Using SAS Data in HDFS Libraries

Default Library

When your deployment uses Hadoop as a co-located data provider, the SAS Deployment Wizard registers a predefined library for it. This library is available for use in the SAS Folders tree, and it is located in /Shared Data/SAS Visual Analytics/Public/Visual Analytics Public HDFS.

Staging Library

You can specify a SAS Data in HDFS library as a staging library. This is a common use because the rows for the output table are distributed among the machines in the cluster. The server can then read the data in parallel when it loads the table to memory.
You must specify a SAS LASR Analytic Server library for the output library when you use a SAS Data in HDFS library for staging.

Output Library

You can specify a SAS Data in HDFS library as an output library.
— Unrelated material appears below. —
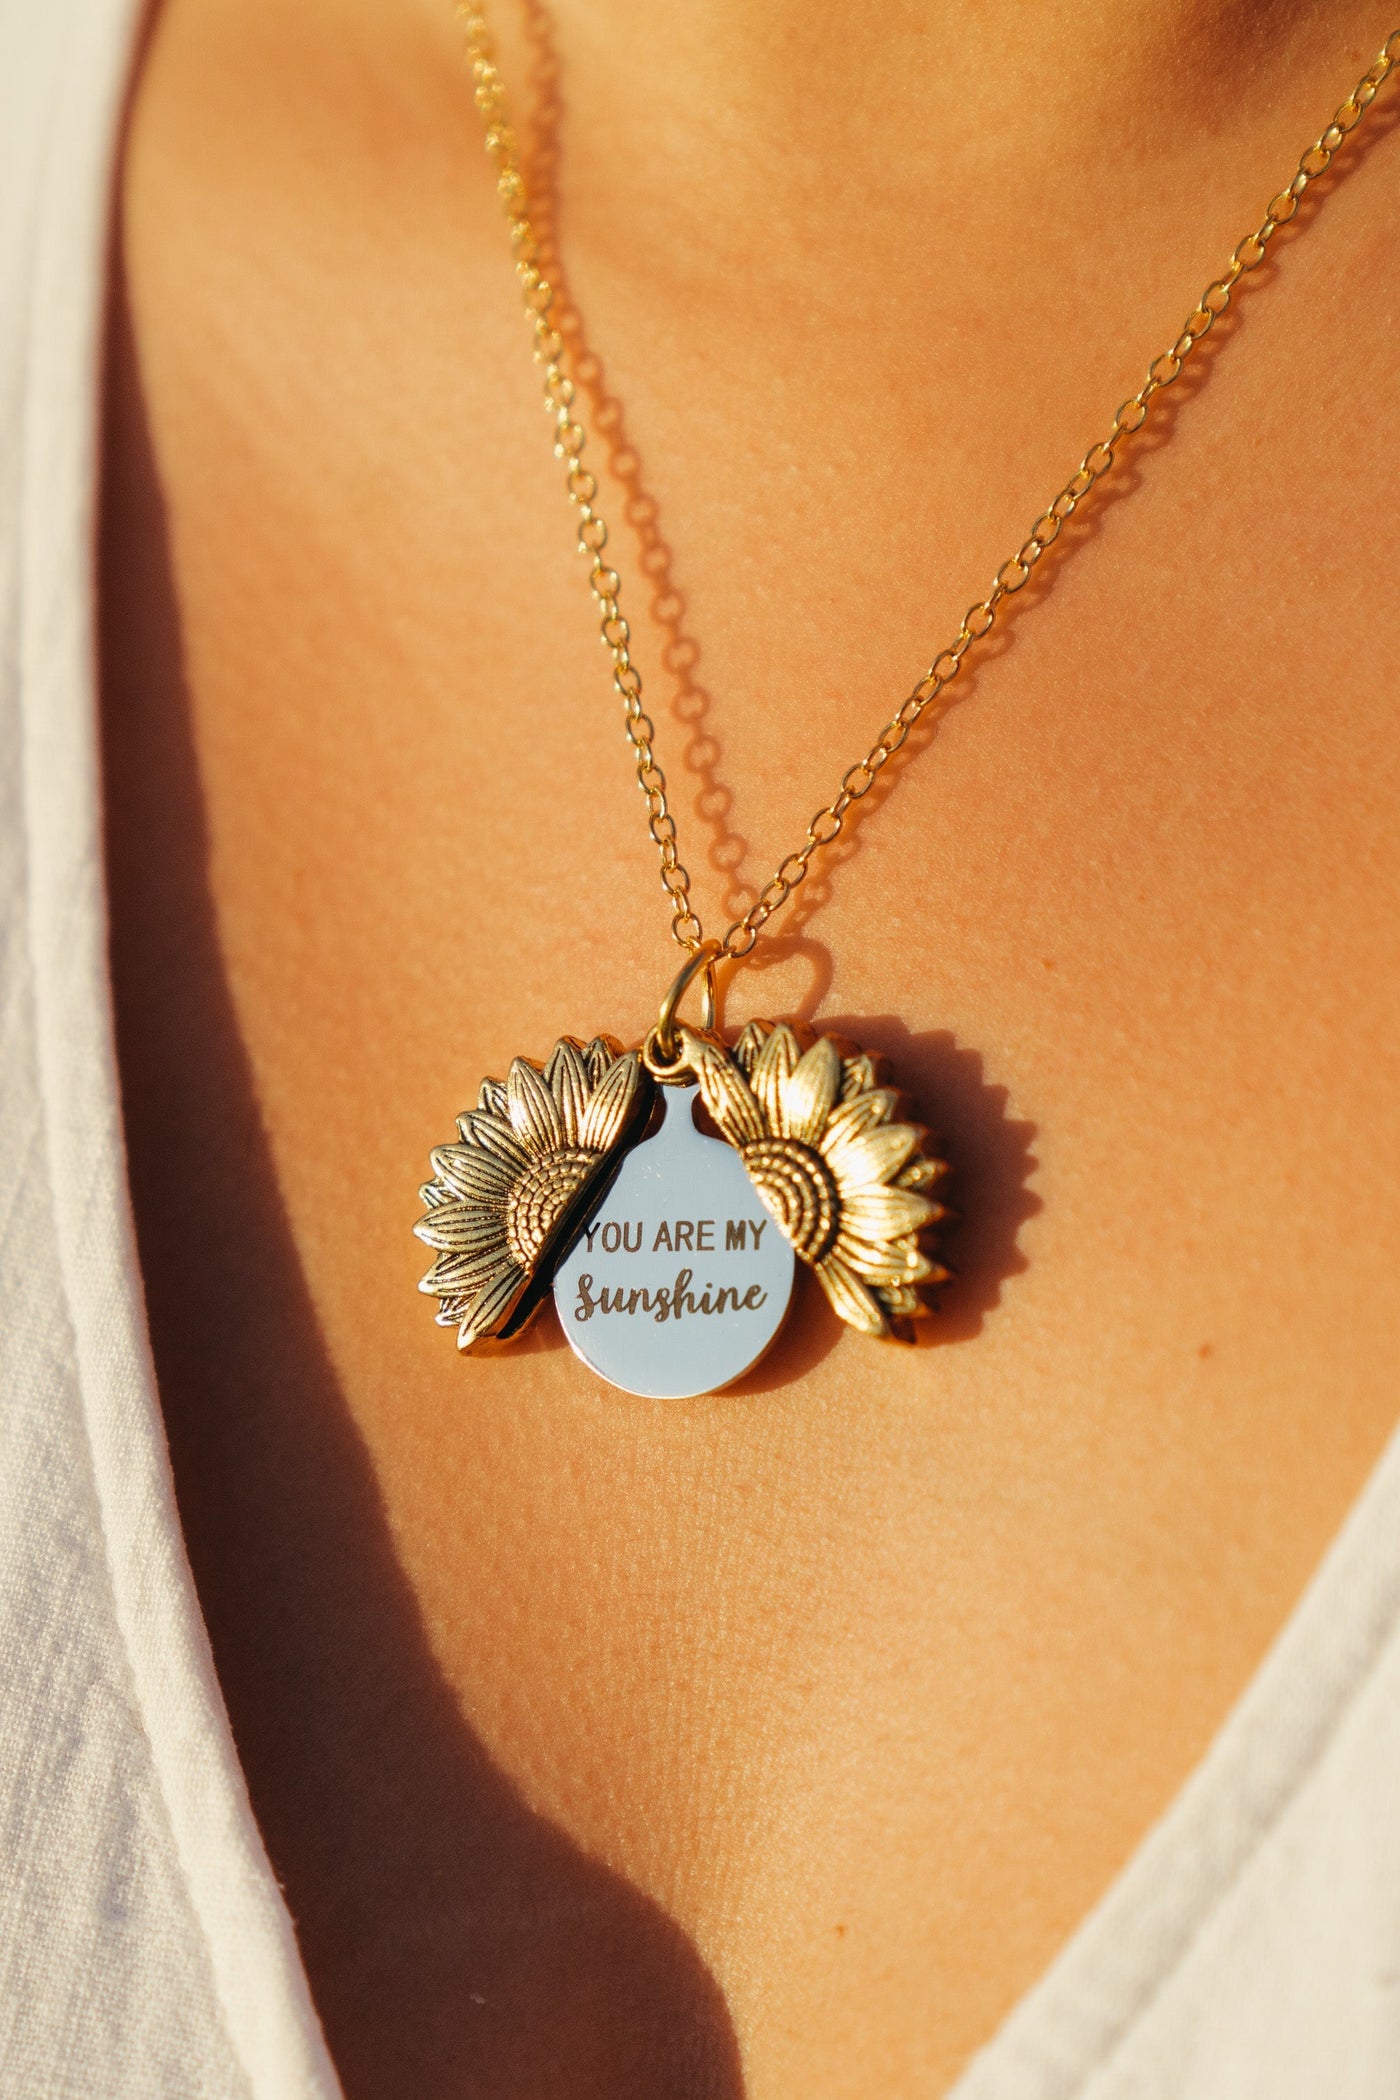 MyLittleSunflower - You are My Sunshine Necklace - Sunflower Necklace  Locket with Engraved Hidden Message Pendant for Women, Mother, Daughter | Sunshine  necklace, Sunflower necklace, Sunflower pendant

The engine distributes the rows for the table to the machines in the cluster. Afterward, you can select the table from the SAS Folders tree, right-click, and select Load a Table. This menu option loads the table from HDFS to memory on a SAS LASR Analytic Server.
You can partition SAS Data in HDFS tables when they are used in an output library. You can select a column to use from the Partition by menu. Partitioning the table ensures that all of the rows with the same formatted value as the selected column are distributed to one machine in the cluster. The rows are also placed in the same HDFS block. When you load a partitioned table to memory, the partitioning information is retained, and the result is a partitioned in-memory table.

See Also

Restrictions

The following restrictions apply to using SAS Data in HDFS libraries with SAS Visual Data Builder:
  • You cannot specify a SAS Data in HDFS library as an input library because the SAS Data in HDFS engine is a Write-only engine.
  • The Append data check box on the Properties tab is disabled. The SAS Data in HDFS engine does not support appending data.
  • If you specify a SAS Data in HDFS library as an output library, you cannot view the results on the Results tab because the SAS Data in HDFS engine is a Write-only engine.